No mais, se me perguntarem do mar vos digo. Apreciei vê-lo mudar de humor com a beleza ímpar com que sempre o fez. A tragar as areias, a invadir os canais. Como gostei de ver saltar a veia poética de Nelson Rodrigues, o homem que certo dia disse que se negava a acreditar que um político, nem mesmo o mais doce deles, tivesse senso moral. Se estava certo ou não os dias estão aí para desafiá-los. Não que eu tivesse dúvida a respeito da poesia em Nelson. Alegro-me pela constatação, e só.
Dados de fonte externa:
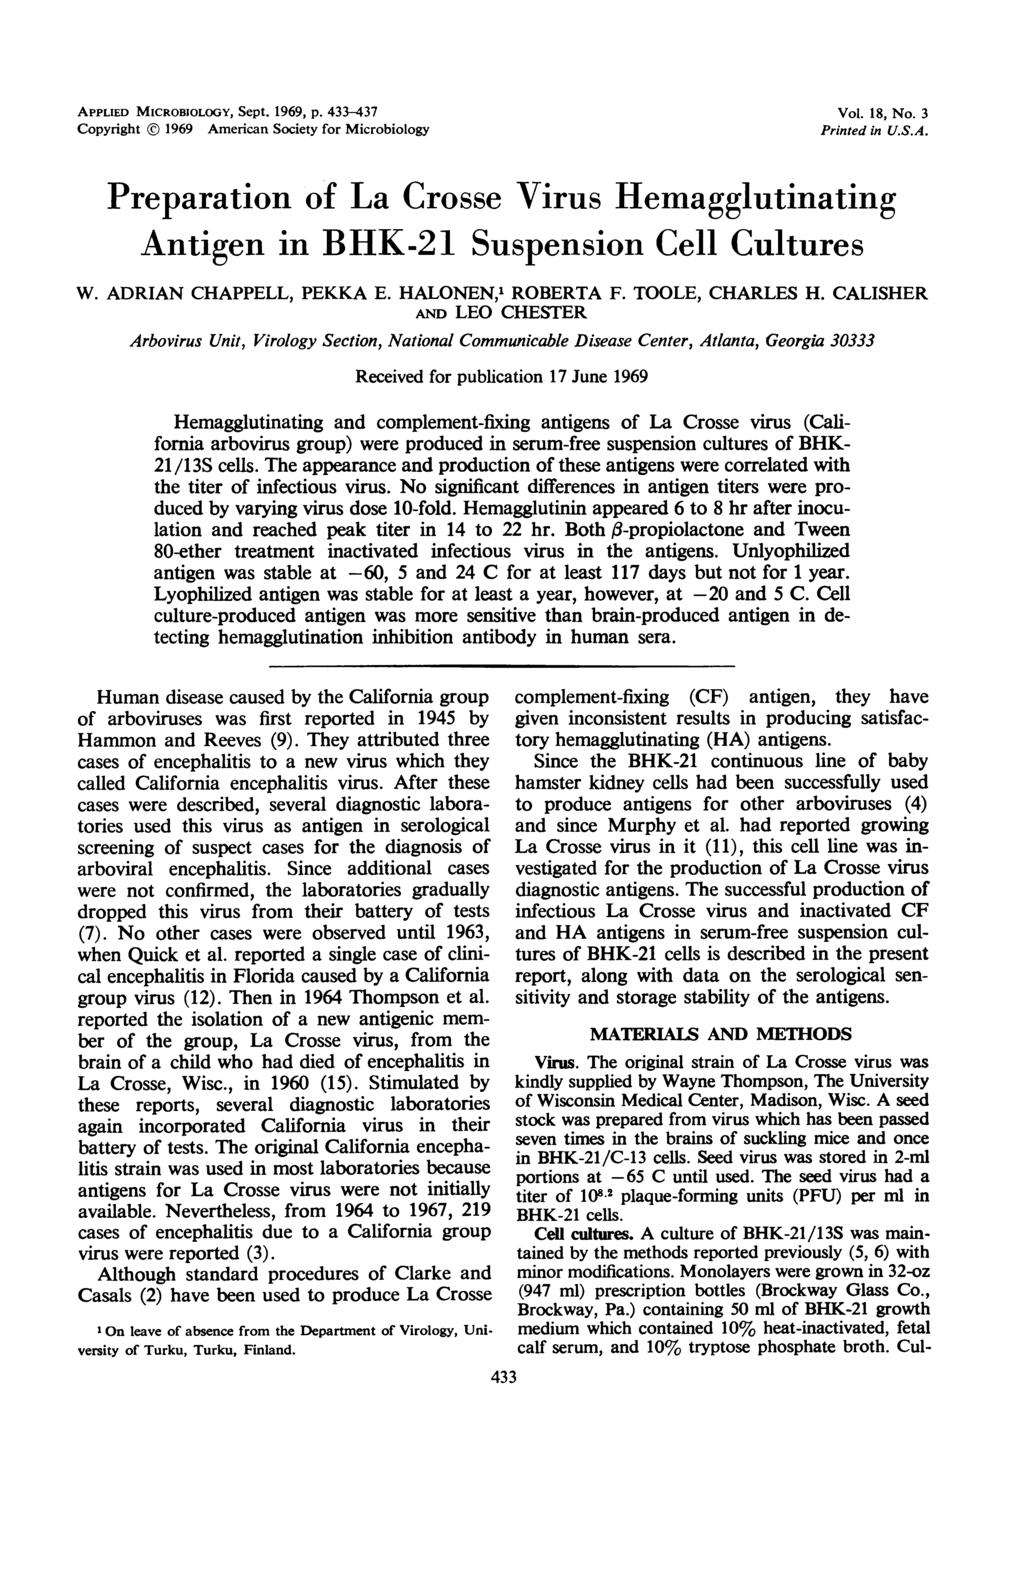 APPLIED MICROBIOLOGY, Sept. 1969, p. 33-37 Copyright 1969 American Society for Microbiology Vol. 18, No. 3 Printed in U.S.A. Preparation of La Crosse Virus Hemagglutinating Antigen in BHK-21 Suspension Cell Cultures W.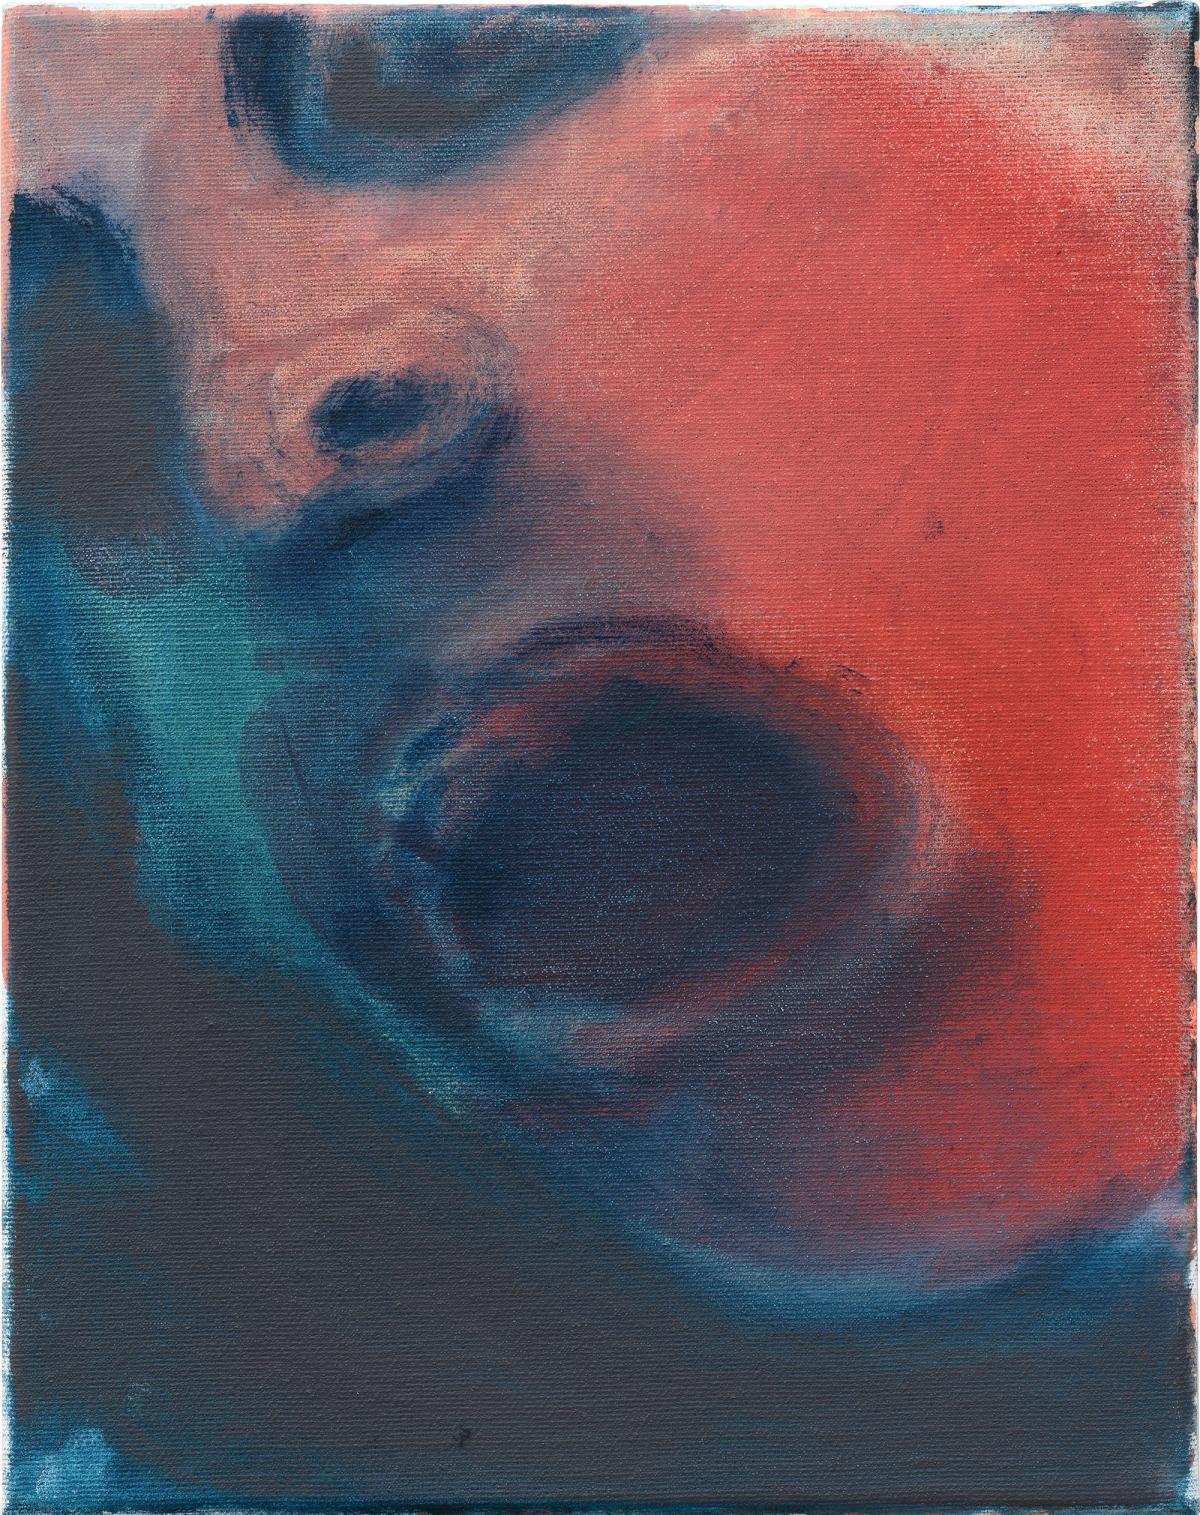 Marlene Dumas's Mouth (2018-2021). Courtesy of Sotheby's and the artist

Como escreveu , Nilo Oliveira, sabiamente citado outro dia pelo amigo Marcelo Montenegro," o poeta é o que acerta de raspão - e o tempo se encarrega de colocar o alvo no lugar exato  onde o poeta supostamente errou". Palavras que soam ainda mais perfeitas nessa hora em que precisamos discutir o futebol como a coisa mais importante... dentre as coisas desimportantes

* artigo escrito para o jornal "A Tribuna", de Santos/SP

Um comentário:

André Braga disse...

Infelizmente o texto soa profético. Provavelmente, mais uma vez, de alguma forma o governo prestará socorro financeiro aos clubes. Aos ditos grandes, claro.